In the Wza mutant Q335C the label is attached to the bottom of a relatively large hydrophilic crevice in the molecular surface (Fig. 6, compare molecular surface to Fig. 5). In comparison to the Spa15 and T4L examples above, this shows that our current “snuggly fit” approach may only be valid for hydrophobic pockets and less reliable for hydrophilic environments. Intuitively this seems reasonable as vdW interactions will sum but polar interactions have important geometric considerations or can be repulsive. Improvement of the “snuggly fit” algorithm can come from two sources, further increase in experimental data, which defines pockets that the label can occupy, or a more sophisticated scoring function. A more sophisticated scoring algorithm would differentiate between repulsive and attractive forces and treat polar atoms differently. The challenge for future development is to balance an increasingly sophisticated treatment of label–protein interactions against simplicity and speed.

2.6 Interpreting MtsslWizard Results

The T4L and histone examples show that the mean distance calculated by mtsslWizard predicts the experimental values quite well and we found that in many cases the shape of the distance histogram derived from mtsslWizard is also a reasonable match to the PELDOR derived distance distribution (Supplementary Figure 1). Since mtsslWizard is based on the “tether-in-a-cone” approach [1, 14, 17, 18] the logical implication is that indeed in many cases the spin label does sample a range of conformations.

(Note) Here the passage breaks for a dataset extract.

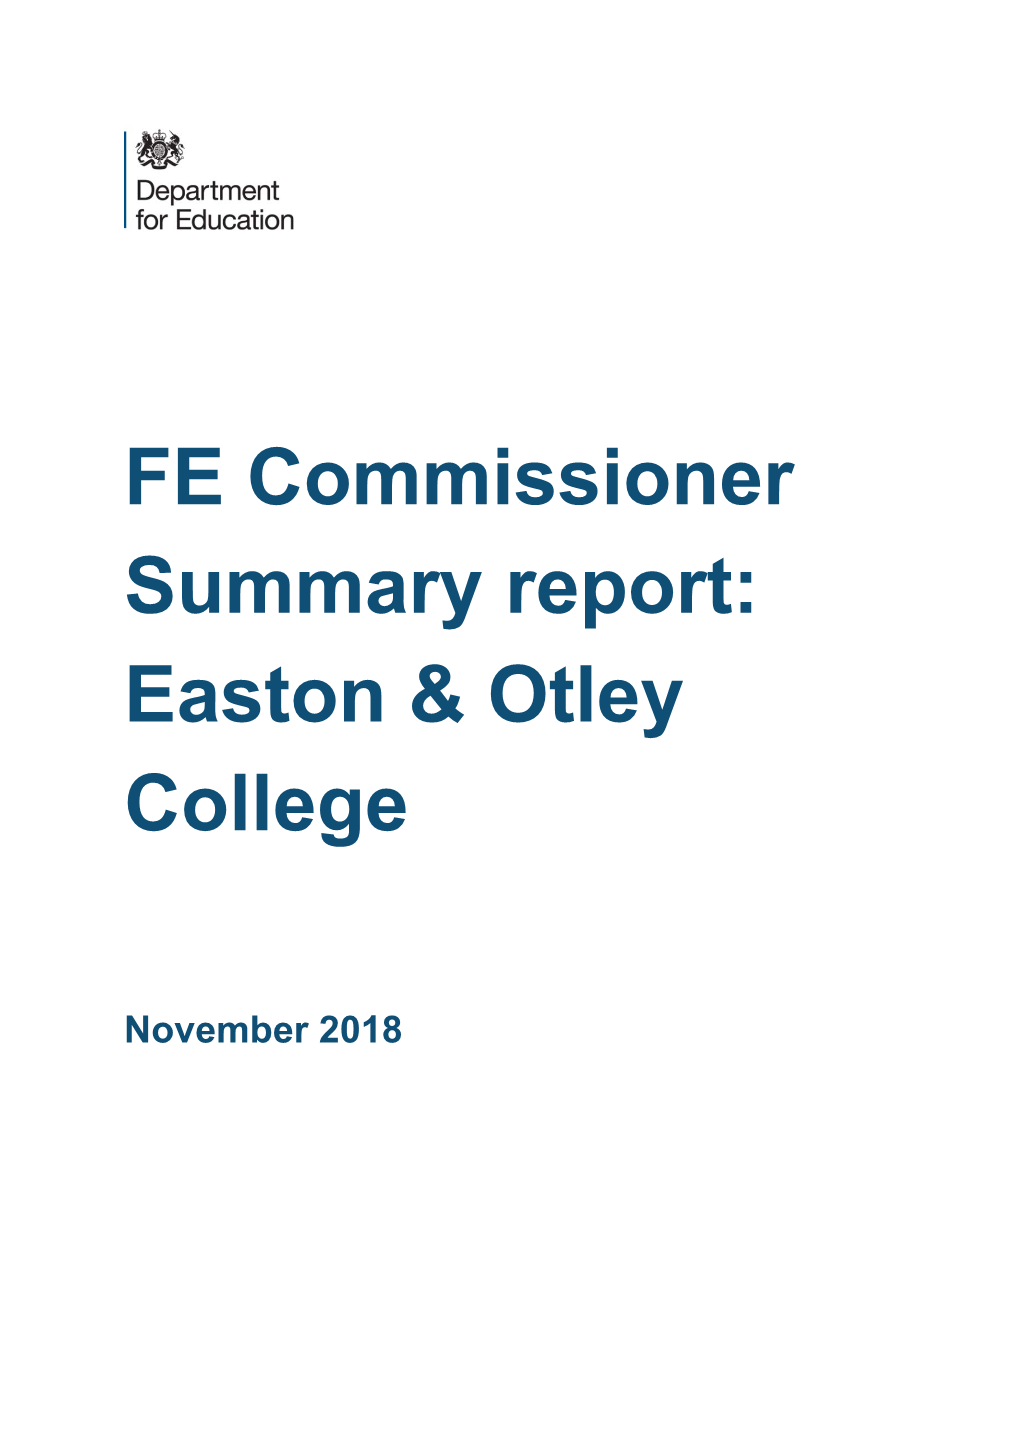 FE Commissioner Summary Report: Easton & Otley College

Wherever the spin label is not disordered but adopts a fixed or restricted set of conformations due to interaction with the protein, only a fraction of the possible conformations that mtsslWizard finds will match the observed data. Additional parameters such as the surface complementarity score (“snuggly fit”) have been introduced to improve the predictions (example 3: Spa15). We also found that it is often helpful to interpret mtsslWizard results in the light of room temperature CW spectra because the latter contain experimental information about the flexibility of the spin label and would thus hint to whether a label is indeed trapped in a pocket or pointing into the solvent.

3 Conclusion

MtsslWizard is a simple to use and freely available program that allows users to generate plausible for MTSSL labels attached to a protein, to measure distances between labels and indeed to vary parameters to allow superficially implausible models. We have argued above that there are sound reasons (e.g. errors or uncertainties in experimental structures) not to assume each side chain of an amino acid is positioned correctly (especially on the protein surface).

As we would predict our approach produces similar results to MMM in most cases, any benefit in such cases would derive only from it being a PyMOL plugin, rather than MATLAB. Importantly, the integration of the program into a freely available, sophisticated and powerful molecular graphics program like PyMOL makes it easy for users to critically evaluate mtsslWizard results. We believe the advantage of our program occurs when PELDOR data does not match the simple model. Incorrectly interpreting disagreement between PELDOR data and a distance model in functional terms must be avoided. Determining crystal structures to resolve such anomalies is definitive but may not be possible in each case. Our approach allows the scientist to explore whether the measured distances are plausible from a range of models. As we show the program does a very good job for a number of test cases where there are unusual positions of the spin label, we stress the program is intended to provide a basis for further analysis and experimentation. By eliminating alternative explanations for discrepancy between model and data, scientists will be able to confidently identify conformational changes.

The source code of mtsslWizard is freely available at htp://www.pymolwiki.org/index.php/mtsslWizard.